-- Supplied records follows --

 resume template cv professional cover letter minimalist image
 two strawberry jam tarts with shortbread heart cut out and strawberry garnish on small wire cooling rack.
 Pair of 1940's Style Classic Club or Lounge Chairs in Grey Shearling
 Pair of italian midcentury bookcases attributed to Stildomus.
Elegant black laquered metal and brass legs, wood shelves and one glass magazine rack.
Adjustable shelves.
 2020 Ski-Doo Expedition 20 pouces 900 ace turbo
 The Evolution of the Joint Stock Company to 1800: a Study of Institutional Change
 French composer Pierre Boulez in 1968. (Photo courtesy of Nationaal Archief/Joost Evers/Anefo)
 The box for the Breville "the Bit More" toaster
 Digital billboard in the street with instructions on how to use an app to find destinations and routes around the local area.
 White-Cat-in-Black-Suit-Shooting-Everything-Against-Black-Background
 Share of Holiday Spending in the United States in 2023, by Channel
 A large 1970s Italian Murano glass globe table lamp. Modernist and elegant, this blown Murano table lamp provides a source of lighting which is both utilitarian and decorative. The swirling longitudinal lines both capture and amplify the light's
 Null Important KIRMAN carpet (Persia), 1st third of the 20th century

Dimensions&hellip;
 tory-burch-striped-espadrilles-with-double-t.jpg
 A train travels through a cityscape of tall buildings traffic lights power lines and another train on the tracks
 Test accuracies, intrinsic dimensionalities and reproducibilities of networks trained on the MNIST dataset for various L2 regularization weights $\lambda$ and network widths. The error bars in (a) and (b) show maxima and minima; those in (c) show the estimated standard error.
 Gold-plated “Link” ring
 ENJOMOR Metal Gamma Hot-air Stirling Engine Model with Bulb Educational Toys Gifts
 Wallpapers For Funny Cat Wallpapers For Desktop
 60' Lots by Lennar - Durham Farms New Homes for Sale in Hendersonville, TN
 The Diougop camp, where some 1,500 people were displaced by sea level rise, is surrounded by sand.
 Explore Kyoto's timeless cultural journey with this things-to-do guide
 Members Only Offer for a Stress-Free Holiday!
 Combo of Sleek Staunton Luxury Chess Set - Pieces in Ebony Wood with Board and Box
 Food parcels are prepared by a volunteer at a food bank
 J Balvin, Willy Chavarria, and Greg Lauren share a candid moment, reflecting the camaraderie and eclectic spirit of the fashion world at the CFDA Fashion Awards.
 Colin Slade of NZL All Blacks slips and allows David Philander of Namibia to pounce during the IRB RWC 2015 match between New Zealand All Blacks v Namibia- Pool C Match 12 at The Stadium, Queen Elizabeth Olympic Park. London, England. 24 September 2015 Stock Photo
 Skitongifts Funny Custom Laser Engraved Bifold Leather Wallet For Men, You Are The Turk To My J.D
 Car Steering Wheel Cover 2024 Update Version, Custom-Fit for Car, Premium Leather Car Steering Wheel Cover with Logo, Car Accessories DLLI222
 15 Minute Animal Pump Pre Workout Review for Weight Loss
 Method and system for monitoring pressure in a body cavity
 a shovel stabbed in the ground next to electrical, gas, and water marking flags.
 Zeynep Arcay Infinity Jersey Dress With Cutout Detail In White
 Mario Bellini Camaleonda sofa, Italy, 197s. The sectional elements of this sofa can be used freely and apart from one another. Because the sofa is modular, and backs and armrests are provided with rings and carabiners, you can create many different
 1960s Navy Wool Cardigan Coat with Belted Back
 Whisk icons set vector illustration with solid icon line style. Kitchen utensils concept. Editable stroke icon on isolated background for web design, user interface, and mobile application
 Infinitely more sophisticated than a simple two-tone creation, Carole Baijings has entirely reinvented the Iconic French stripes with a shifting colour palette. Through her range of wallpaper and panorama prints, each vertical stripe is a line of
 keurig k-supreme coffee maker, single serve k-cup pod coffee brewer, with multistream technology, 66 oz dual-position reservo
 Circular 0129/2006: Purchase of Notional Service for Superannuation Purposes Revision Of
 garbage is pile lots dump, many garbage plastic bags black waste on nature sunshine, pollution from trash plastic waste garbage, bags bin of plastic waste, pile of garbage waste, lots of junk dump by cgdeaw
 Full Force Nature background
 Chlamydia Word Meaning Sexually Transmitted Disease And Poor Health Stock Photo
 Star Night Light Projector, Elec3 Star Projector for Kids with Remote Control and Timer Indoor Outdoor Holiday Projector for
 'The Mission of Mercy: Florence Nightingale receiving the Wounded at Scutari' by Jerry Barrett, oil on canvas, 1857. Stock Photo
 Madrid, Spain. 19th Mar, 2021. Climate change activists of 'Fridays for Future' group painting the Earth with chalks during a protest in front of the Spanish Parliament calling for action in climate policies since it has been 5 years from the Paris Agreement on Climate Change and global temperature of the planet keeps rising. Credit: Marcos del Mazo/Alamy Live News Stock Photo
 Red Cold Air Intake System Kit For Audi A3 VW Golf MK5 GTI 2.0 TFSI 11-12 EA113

-- Supplied records concluded --

Exercise — From the records above, copy only the lines starting with the line that holds "French composer Pierre" and going on through the line that holds "tory-burch-striped-espadrilles-with-double-t.jpg", exactly as written.

Finished exercise —
 French composer Pierre Boulez in 1968. (Photo courtesy of Nationaal Archief/Joost Evers/Anefo)
 The box for the Breville "the Bit More" toaster
 Digital billboard in the street with instructions on how to use an app to find destinations and routes around the local area.
 White-Cat-in-Black-Suit-Shooting-Everything-Against-Black-Background
 Share of Holiday Spending in the United States in 2023, by Channel
 A large 1970s Italian Murano glass globe table lamp. Modernist and elegant, this blown Murano table lamp provides a source of lighting which is both utilitarian and decorative. The swirling longitudinal lines both capture and amplify the light's
 Null Important KIRMAN carpet (Persia), 1st third of the 20th century

Dimensions&hellip;
 tory-burch-striped-espadrilles-with-double-t.jpg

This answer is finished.